WHAT AN ORDEAL.  The owners of the industrial property wanted no changes, the residents wanted safeguards and neither wanted a middle ground.  (See post below).

At last night’s (Tuesday, 2/7) meeting City Attorney Andy Maurodis spelled out the changes the city staff recommended after many meetings with the industrial land owners and input from the residential residents.  These talks went on and on and on and, well you get the idea.
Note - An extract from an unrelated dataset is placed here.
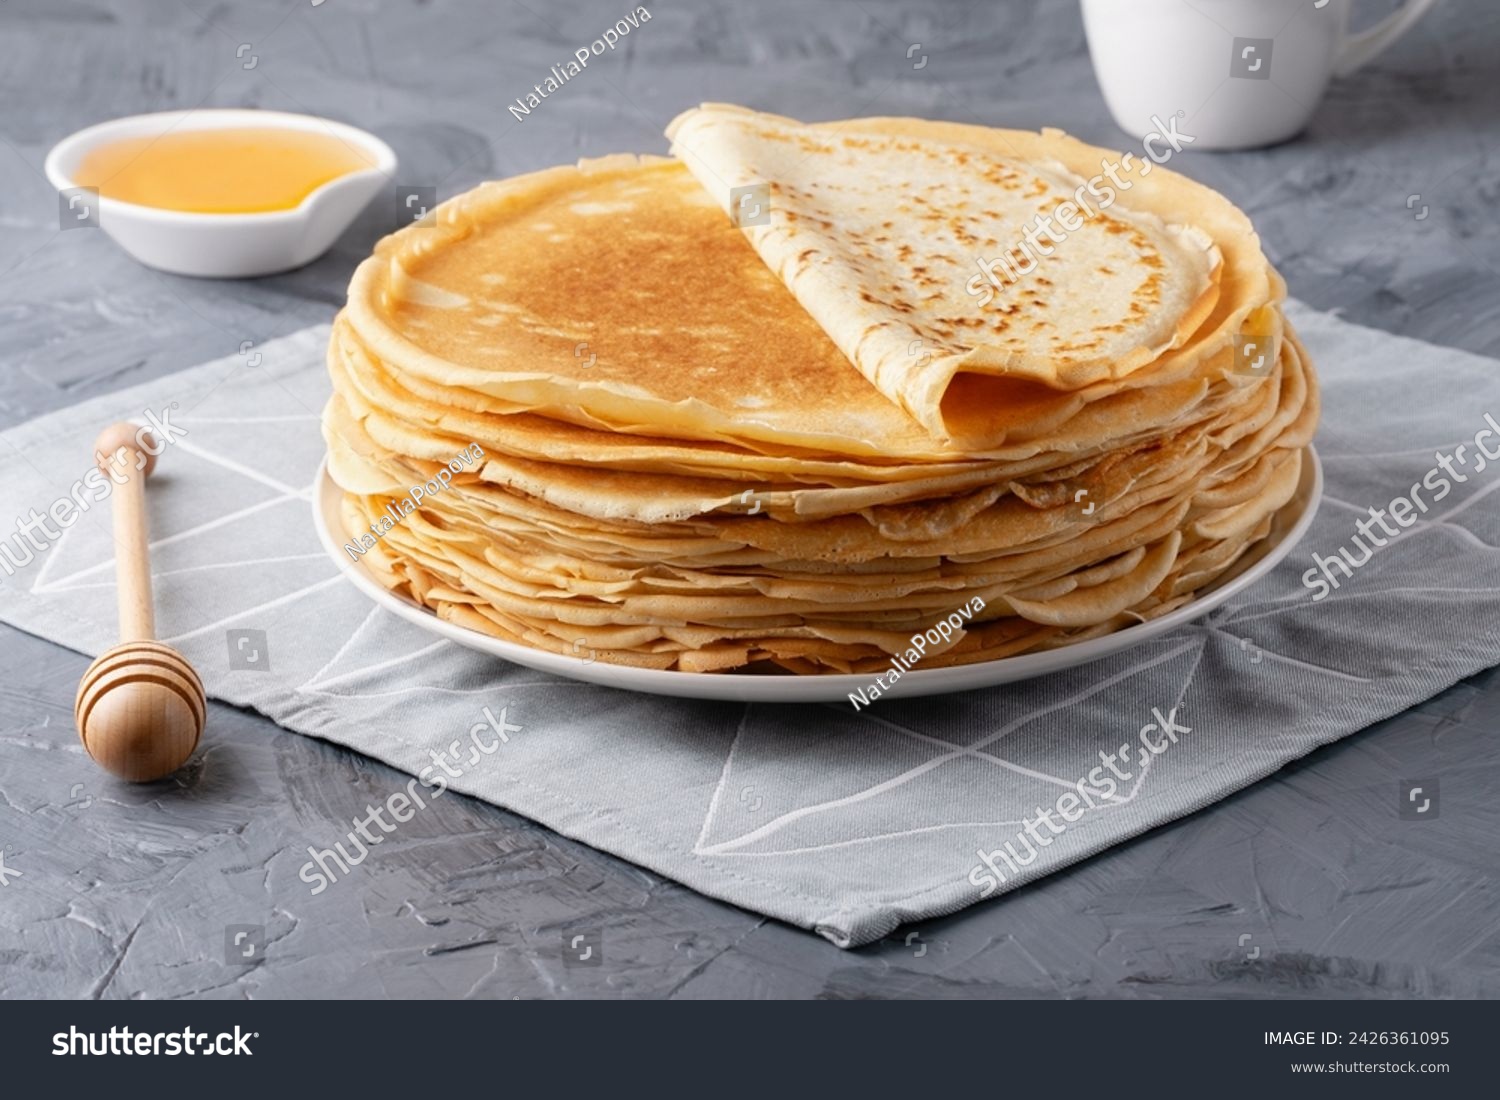 Stack of traditional russian pancakes blini on gray background with copy space. Homemade russian thin pancakes blini. Russian food, russian kitchen #2426361095
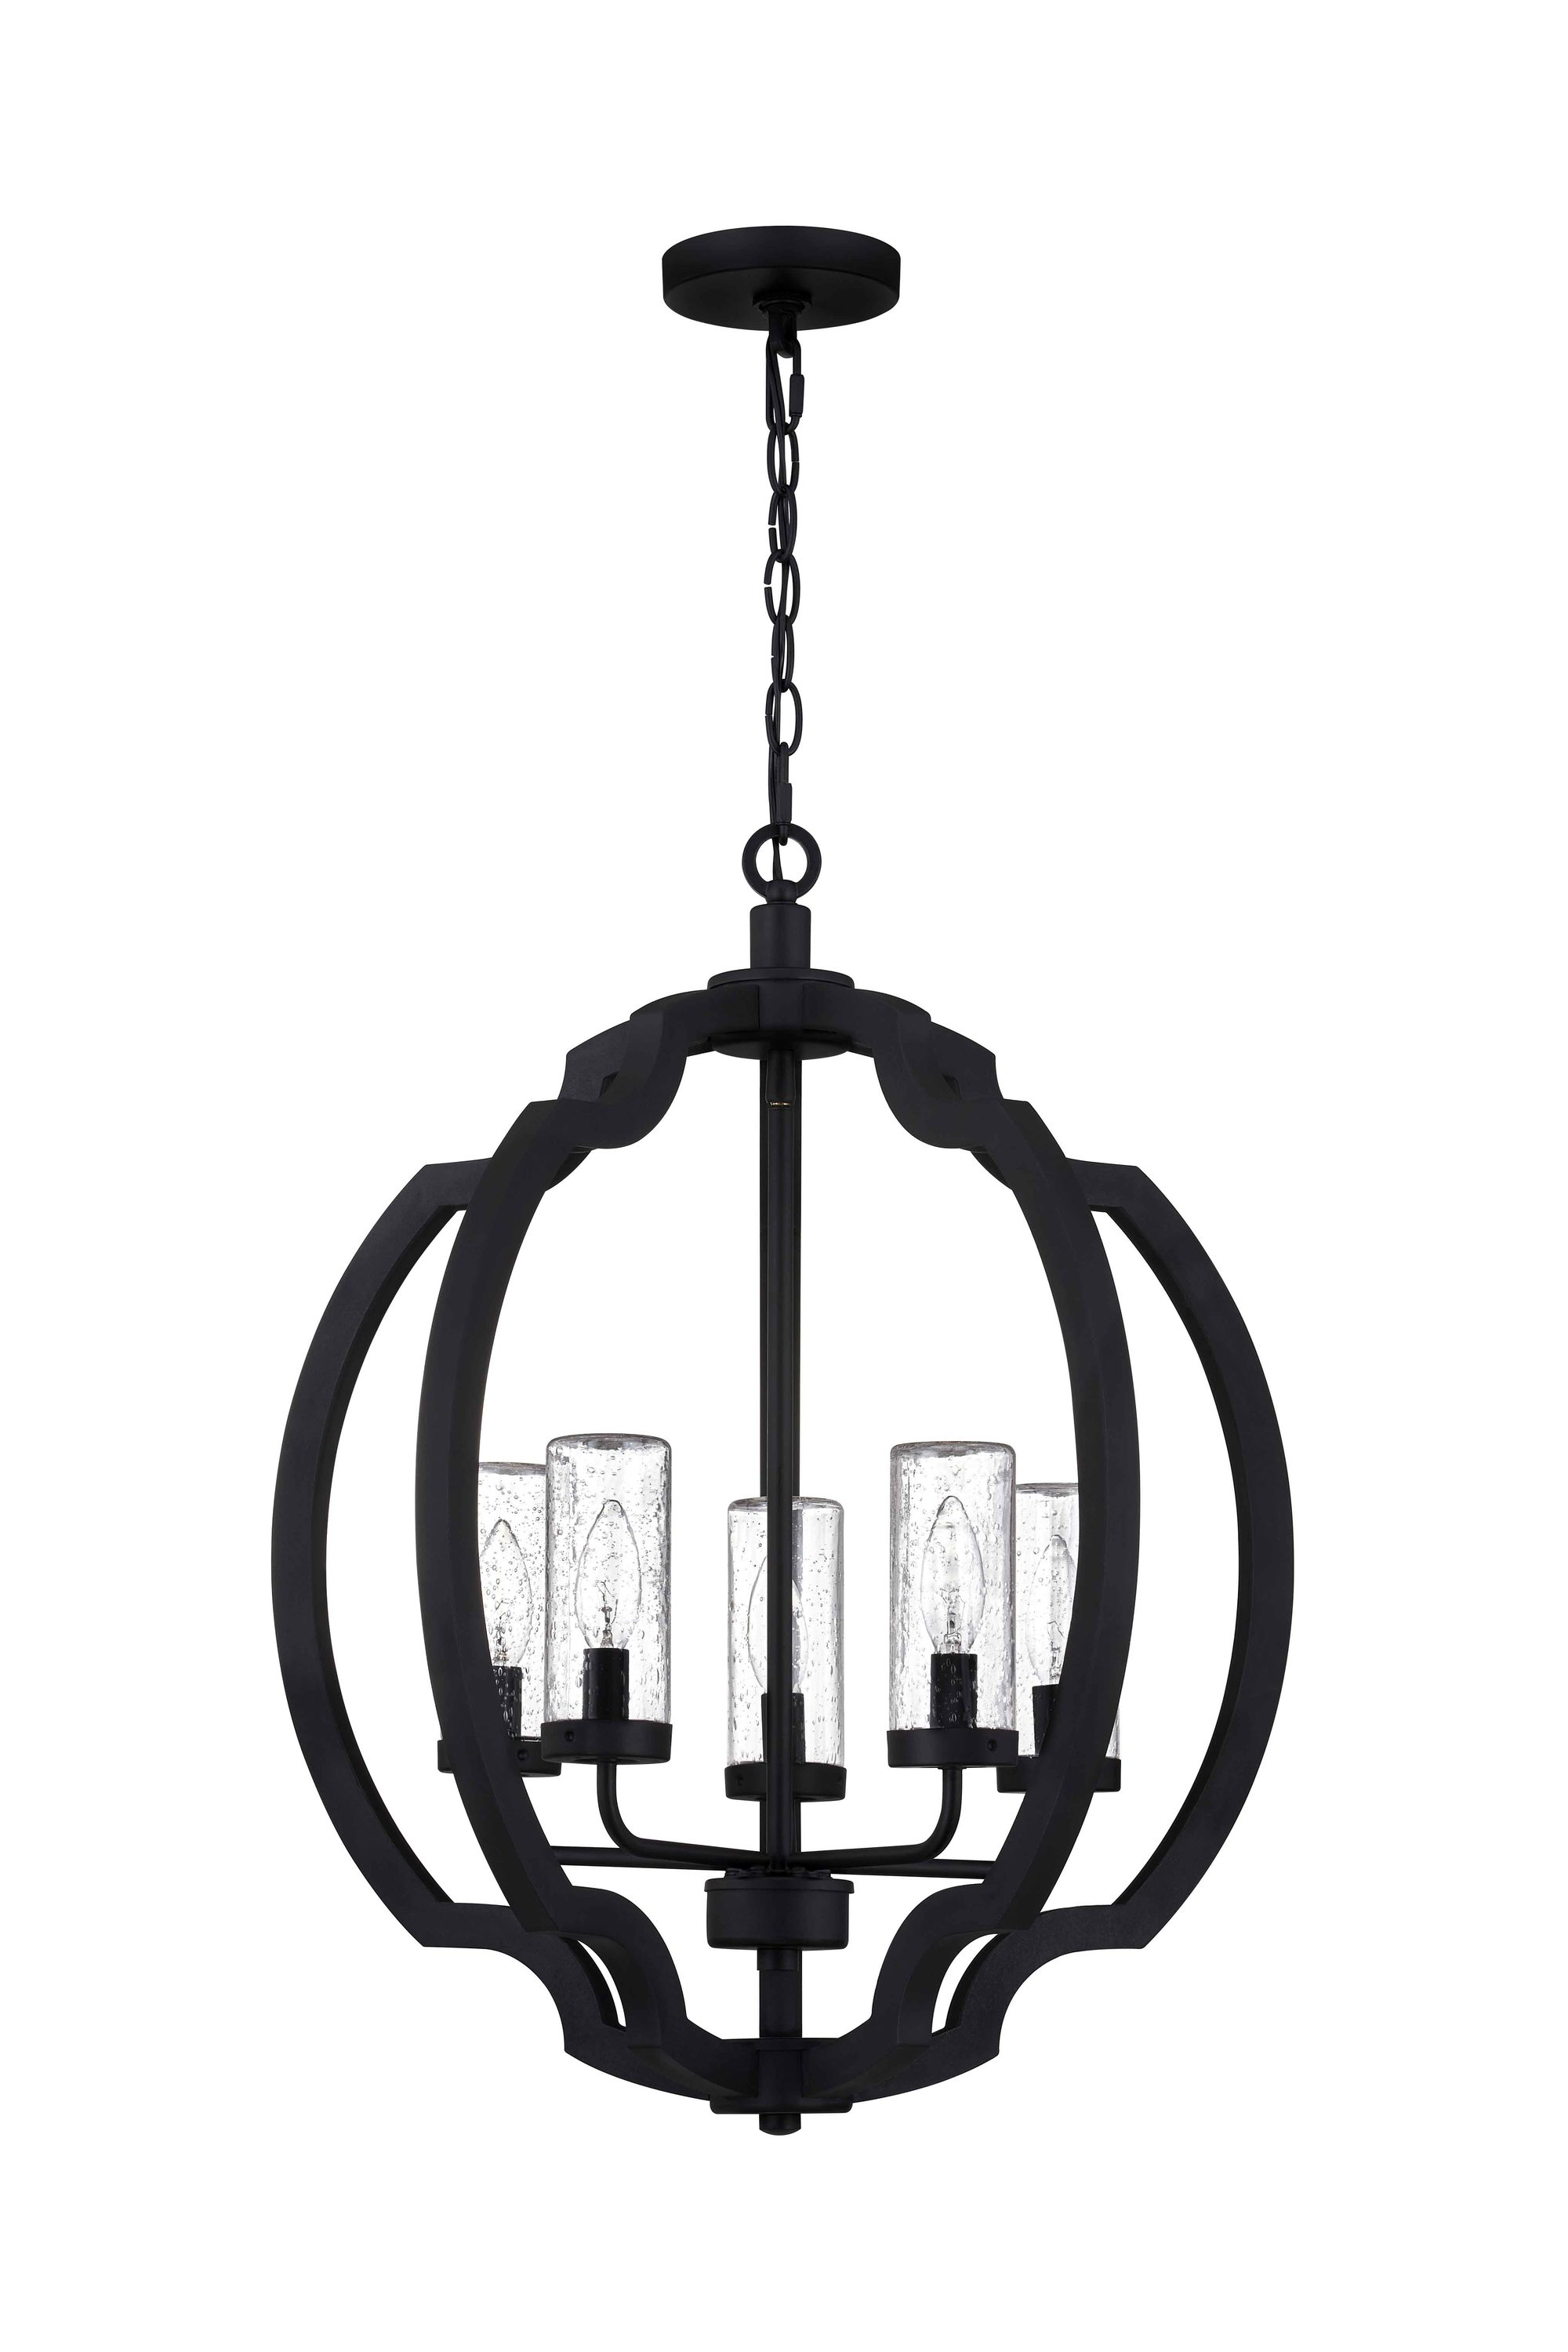 Lav en snemand biord disharmoni Quoizel Castleton 5-Light Black Transitional Wet Rated Outdoor Chandelier  in the Chandeliers department at Lowes.com

The city held a public workshop, and this was the second public hearing.

This presentation restored having crematoriums and medical waste sterilization facilities which the previous proposal had deleted due to resident concern.

My guess is that the city was intimidated into replacing them by threats of being sued by Mancini and other land owners.  Florida has something called the Bert Harris Act, http://archive.flsenate.gov/statutes/index.cfm?m&App_Mode=Display_Statute&Search_String=&URL=Ch0070/Sec001.htm&StatuteYear=2004 part of which reads:
“When a specific action of a governmental entity has inordinately burdened an existing use of real property or a vested right to a specific use of real property, the property owner of that real property is entitled to relief, which may include compensation for the actual loss to the fair market value of the real property caused by the action of government, as provided in this section.”

Whether the few changes (see post below) to the zoning constitute being “inordinately burdened” would be for the courts to decide, however my guess is that the court would lean toward the government in this case and given the minor changes to the zoning, and the vast number of allowed industrial uses kept in the code would decide in favor of the residents and the city.  I don’t think Mancini et. al. will bother to take it to court, but the possibility is there and that was enough for the city to recommend bowing to the wishes of the land owners.

What happened last night?  The residents of Waterways and Independence Bay again pleaded for the city to at least ban the medical waste facility, and Bill Ganz gave a reasoned and passionate rational for doing just that.  Many residents also were concerned about crematoria.

Commissioner Marty Popelsky, was amazing, he said we shouldn’t have either facility and if needs be, it may be time to take on Bert Harris and find out.  The applause from the residents was deafening.  That proposal,  zoning changes WITHOUT medical waste and crematoria, was made and seconded and squeaked through by a vote of 3 to 2;   Commissioners Miller and Preston voted no, presumably because of the fear of a law suit and the possible financial hit to the city coffers.

Again loud applause and cheering. 

This was a good thing for the residents who very likely will show their approval at the ballot box.   

As Bill Ganz said, there are no bad guys here.  Both the residents and the land owners worked hard for a compromise and are to be praised.  Through no fault of either party a bad situation arose and a good solution came about.   High five to both sides.